Workshop IV: African Christianity as a Global Network

The expansion of Western Christianity was a show of power while African Christianity expands through migration caused by poverty and political instability (Hanciles 2008). Western mission was highly visible due to its linkage to power. African Christian presence does not usually attract great attention. This is due to the fact that African Christian immigrants neither represent power nor do they represent danger to the people of the West. It is only occasionally that the invisible is seen when it grows too big to be ignored – like the Ukranian Embassy of God-church launched by a Nigerian immigrant and gathering tens of thousands of worshipers every Sunday in Kiev alone. Churches established by Africans can be found in numerous countries, and they tend to grow even in such Western countries where the churches are in deep decline. Many of the African-instituted churches belong to denominations with their headquarters in Africa, and many African-instituted independent congregations or churches are in a close contact to Africa. In this way, African Christianity has open channels to a vast number of major cities around the world. These networks may be among the significant new developments in the global religious changes.

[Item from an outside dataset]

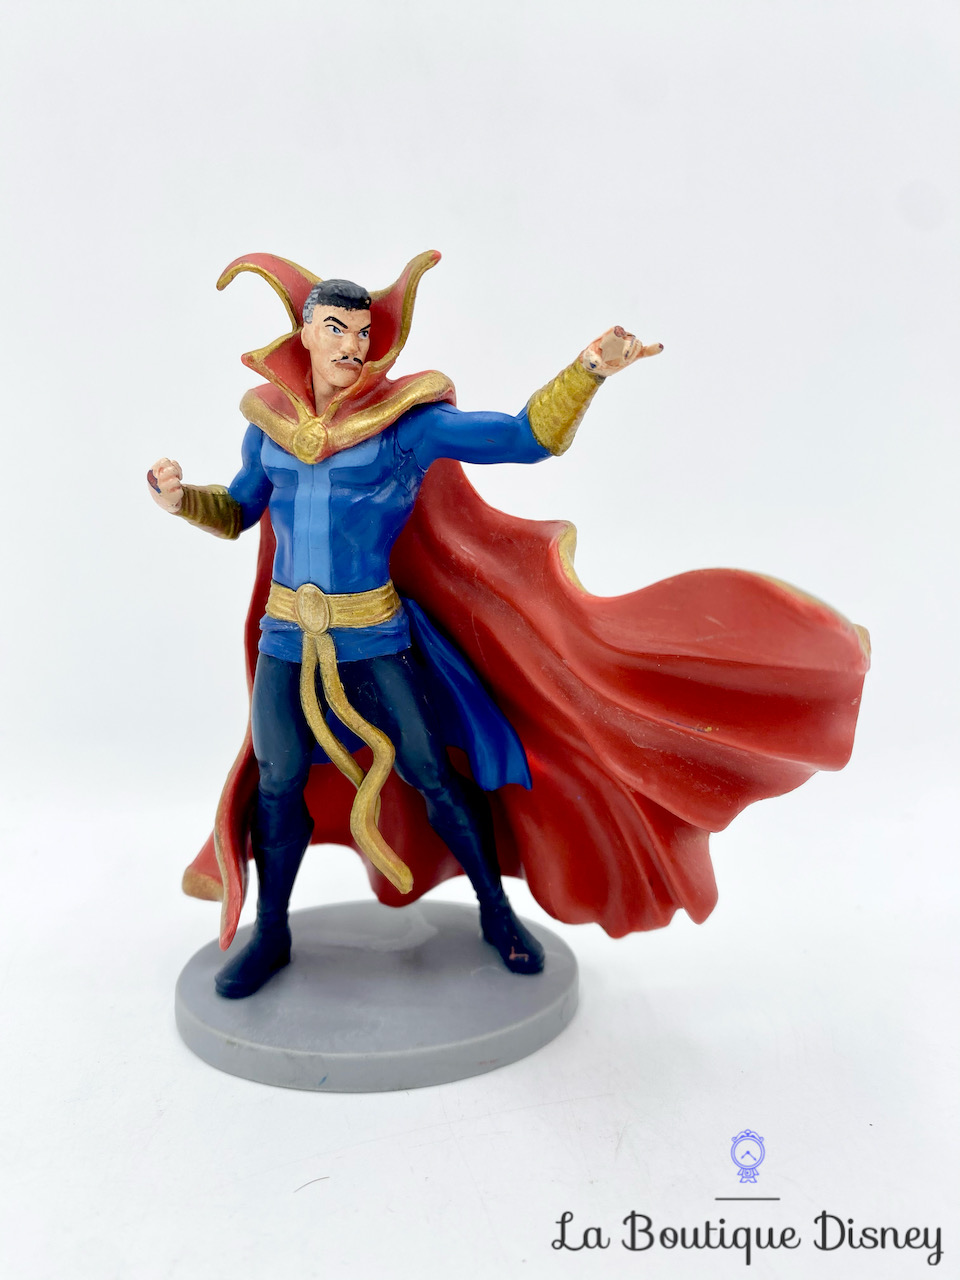 Figurine-Doctor-Strange-Avengers-Marvel-Disney-Store-Playset-10-cm

This series of workshops will open new avenues of cooperation in research and teaching, creating such contacts that will be useful in the construction of international research projects. The projects may concentrate on a better understanding of African Christianity, or they may be such that bank on anthropology-theology cooperation providing improved approaches to the anthropology of Christianity and the understanding of the contextual process in theology.

The invitees to the workshop have been selected on the basis of their research interest in the topic at hand. A mixture of representatives of different fields of anthropology and theology is created, as well as researchers from different stages of their careers.

On Methods and Theoretical Connections

The workshops are not intended to represent unified methodological and theoretical approaches. The presenters of the papers will pay special attention to presenting their methodological and theoretical approaches. This facilitates cross-fertilization of ideas. Both cultural/social anthropology and theology are fields which tend to be crossroads of different disciplines in the humanities. By creating an encounter on a wide basis, these workshops provide a large variety of approaches to compare and discuss.

Considering the content of research, cultural/social anthropologists and theologians can provide each other significant support in interpreting and analyzing the phenomenon of African Christianity. On the basis of their training and background, the theologians have expertise on the historical and intellectual background of Christianity. Cultural/social anthropologists, in turn, are specialized in analysing culture and cultural changes in societies. E.g. the growth of Christianity in Africa and Africanization of Christianity are such processes to be analyzed. Additionally, very many of the workshop participants have an extensive first-hand experience of African Christianity, a good number also being nationals of African countries which facilitates also first-hand post-colonial views.